Это было одно из последних старых зимовий. Построили его еще, наверно, в двадцатых годах, когда люди валом валили на золотые прииски. Давным-давно отработанные— там уже ни грамма золота, — они еще попадались в тайге; иногда даже целые заброшенные поселки.
Бревенчатые стены, проконопаченные мхом, сверкали от инея. С двух сторон шли длинные сплошные нары. Посредине — ладно сколоченный стол, неподъемные скамьи, отполированные за долгое время до блеска. Над столом покачивалась от сквозняка керосиновая лампа «чудо». Никогда не видел в продаже таких ламп. Может, их доставляли из прошлого столетия на машине времени?

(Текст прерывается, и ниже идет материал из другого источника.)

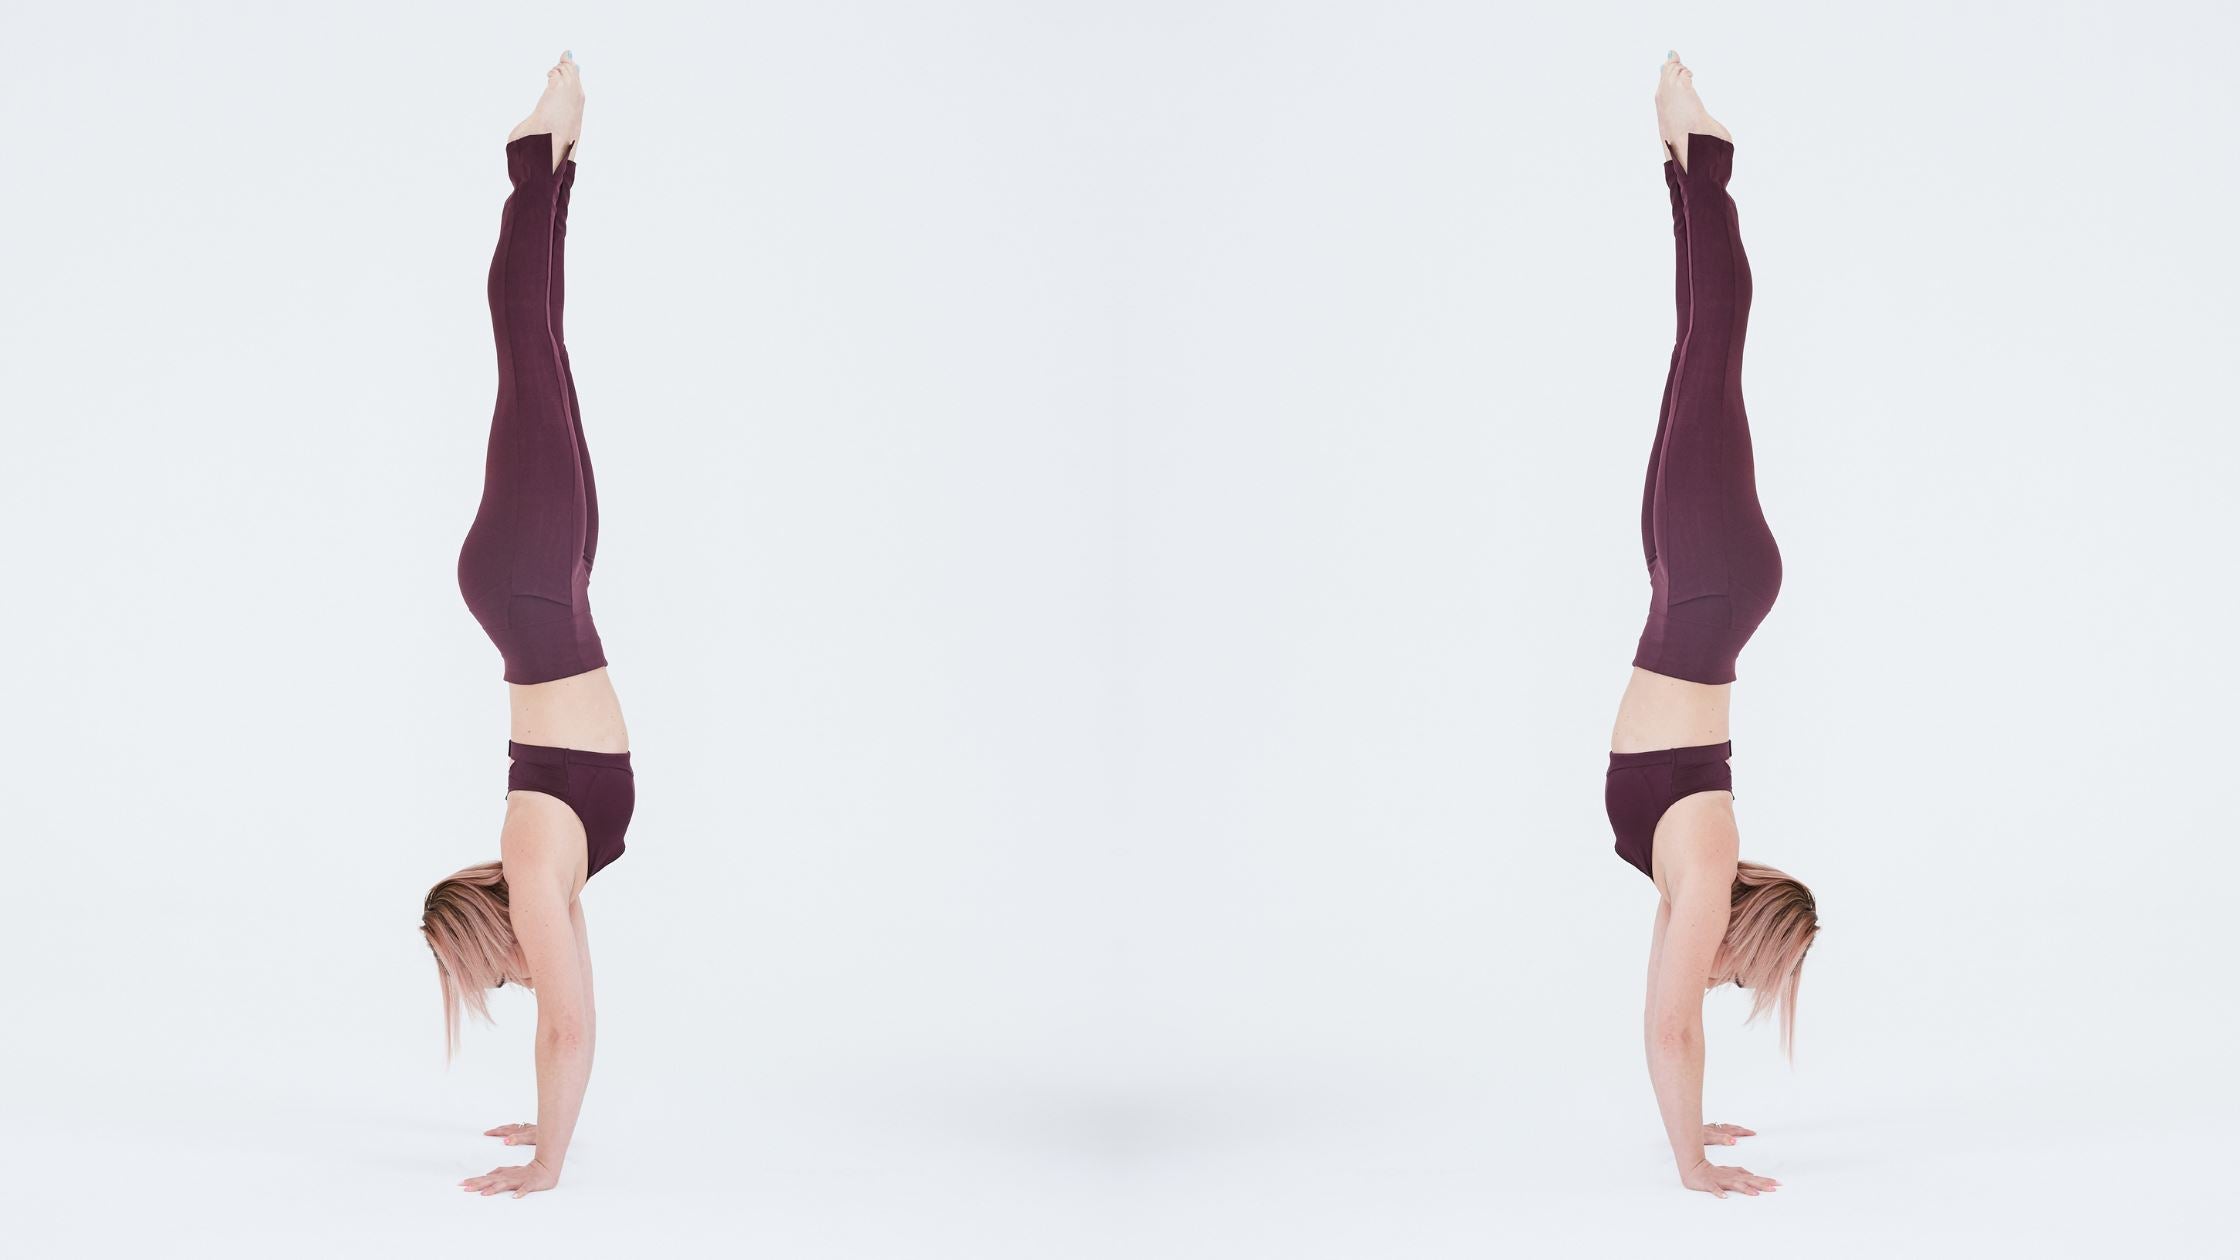 How To Do A Yoga Handstand Step By Step Beginners Guide

Нас с поклонами встретил хозяин зимовья, пожилой якут Егор Слепцов, и усадил, видимо, на почетном месте, между раскаленной плитой и цветастой штапельной занавеской, за которой стояла железная кровать.
Плита нещадно палила, и мы поспешили снять пальто, после чего уселись на табуретках за небольшим квадратным столом.
Мне показалось, что Егор тревожно поглядывает в сторону остальных гостей. Их было пятеро — бледных, худосочных, горластых парней, как-то неестественно оживленных, Одеты они были кто во что горазд, только башмаки одинаковые. Парни с наигранной лихостью играли в карты, уснащая речь дичайшим жаргоном, и с детским любопытством поглядывали на нас. Я подумал, что это, наверное, бывшие уголовники. Где-то в этих краях была колония.
Слепцов заварил чай прямо в большом закопченном чайнике, булькавшем на плите, и налил нам по кружке. Сахар он подал на тарелке. Черствый хлеб положил прямо на чисто выскобленный стол.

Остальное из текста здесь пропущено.